TASK GOAL: In the data that follows, find the line with "Box No. 721."; transcribe it, every later line up to the one with "A frog figurine inside Pinyon's bathroom", and that line as well, exactly and with no others.

Collection entries:
++++++++++++++++++++
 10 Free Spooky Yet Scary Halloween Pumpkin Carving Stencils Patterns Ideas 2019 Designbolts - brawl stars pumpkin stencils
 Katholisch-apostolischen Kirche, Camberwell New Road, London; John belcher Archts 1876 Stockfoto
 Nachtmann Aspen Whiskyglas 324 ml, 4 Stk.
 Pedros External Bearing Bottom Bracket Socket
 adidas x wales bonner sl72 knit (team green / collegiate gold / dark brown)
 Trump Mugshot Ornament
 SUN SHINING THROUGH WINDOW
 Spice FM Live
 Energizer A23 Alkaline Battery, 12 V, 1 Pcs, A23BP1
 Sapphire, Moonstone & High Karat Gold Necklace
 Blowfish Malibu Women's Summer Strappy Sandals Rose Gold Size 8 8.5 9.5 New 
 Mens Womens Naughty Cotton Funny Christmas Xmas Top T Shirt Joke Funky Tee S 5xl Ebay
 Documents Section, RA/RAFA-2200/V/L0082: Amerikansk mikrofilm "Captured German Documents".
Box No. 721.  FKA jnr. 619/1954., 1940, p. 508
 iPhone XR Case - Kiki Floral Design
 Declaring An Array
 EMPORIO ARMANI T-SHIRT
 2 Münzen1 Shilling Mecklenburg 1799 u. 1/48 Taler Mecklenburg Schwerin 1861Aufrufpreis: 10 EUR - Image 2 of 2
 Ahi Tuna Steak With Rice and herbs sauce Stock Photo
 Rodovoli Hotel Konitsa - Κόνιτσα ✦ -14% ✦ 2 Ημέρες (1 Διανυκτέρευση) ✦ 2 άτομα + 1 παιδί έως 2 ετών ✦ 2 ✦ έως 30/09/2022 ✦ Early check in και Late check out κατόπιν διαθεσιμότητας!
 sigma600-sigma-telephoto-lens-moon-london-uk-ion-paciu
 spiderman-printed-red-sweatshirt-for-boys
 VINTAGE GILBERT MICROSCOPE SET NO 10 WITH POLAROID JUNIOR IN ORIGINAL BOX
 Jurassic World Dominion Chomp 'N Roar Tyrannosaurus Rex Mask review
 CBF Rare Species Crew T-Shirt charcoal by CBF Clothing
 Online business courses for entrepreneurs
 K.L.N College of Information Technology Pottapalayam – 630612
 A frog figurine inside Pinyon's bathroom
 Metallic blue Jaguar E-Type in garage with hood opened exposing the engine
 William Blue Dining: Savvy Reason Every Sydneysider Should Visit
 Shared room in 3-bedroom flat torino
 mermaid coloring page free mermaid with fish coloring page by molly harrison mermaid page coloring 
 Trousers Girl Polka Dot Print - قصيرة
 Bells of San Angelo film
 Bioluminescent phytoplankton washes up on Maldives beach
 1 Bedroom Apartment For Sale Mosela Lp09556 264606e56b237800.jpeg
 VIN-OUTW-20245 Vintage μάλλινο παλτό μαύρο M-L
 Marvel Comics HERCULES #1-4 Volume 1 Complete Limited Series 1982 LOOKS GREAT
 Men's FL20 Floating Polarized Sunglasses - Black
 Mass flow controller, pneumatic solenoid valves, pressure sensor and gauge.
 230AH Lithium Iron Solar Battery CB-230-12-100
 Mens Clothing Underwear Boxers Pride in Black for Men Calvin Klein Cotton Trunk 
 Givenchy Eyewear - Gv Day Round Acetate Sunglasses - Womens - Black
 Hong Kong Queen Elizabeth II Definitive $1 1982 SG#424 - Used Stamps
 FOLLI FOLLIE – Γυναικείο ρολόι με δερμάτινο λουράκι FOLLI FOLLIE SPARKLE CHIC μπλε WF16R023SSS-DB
++++++++++++++++++++
YOUR SOLUTION:
Box No. 721.  FKA jnr. 619/1954., 1940, p. 508
 iPhone XR Case - Kiki Floral Design
 Declaring An Array
 EMPORIO ARMANI T-SHIRT
 2 Münzen1 Shilling Mecklenburg 1799 u. 1/48 Taler Mecklenburg Schwerin 1861Aufrufpreis: 10 EUR - Image 2 of 2
 Ahi Tuna Steak With Rice and herbs sauce Stock Photo
 Rodovoli Hotel Konitsa - Κόνιτσα ✦ -14% ✦ 2 Ημέρες (1 Διανυκτέρευση) ✦ 2 άτομα + 1 παιδί έως 2 ετών ✦ 2 ✦ έως 30/09/2022 ✦ Early check in και Late check out κατόπιν διαθεσιμότητας!
 sigma600-sigma-telephoto-lens-moon-london-uk-ion-paciu
 spiderman-printed-red-sweatshirt-for-boys
 VINTAGE GILBERT MICROSCOPE SET NO 10 WITH POLAROID JUNIOR IN ORIGINAL BOX
 Jurassic World Dominion Chomp 'N Roar Tyrannosaurus Rex Mask review
 CBF Rare Species Crew T-Shirt charcoal by CBF Clothing
 Online business courses for entrepreneurs
 K.L.N College of Information Technology Pottapalayam – 630612
 A frog figurine inside Pinyon's bathroom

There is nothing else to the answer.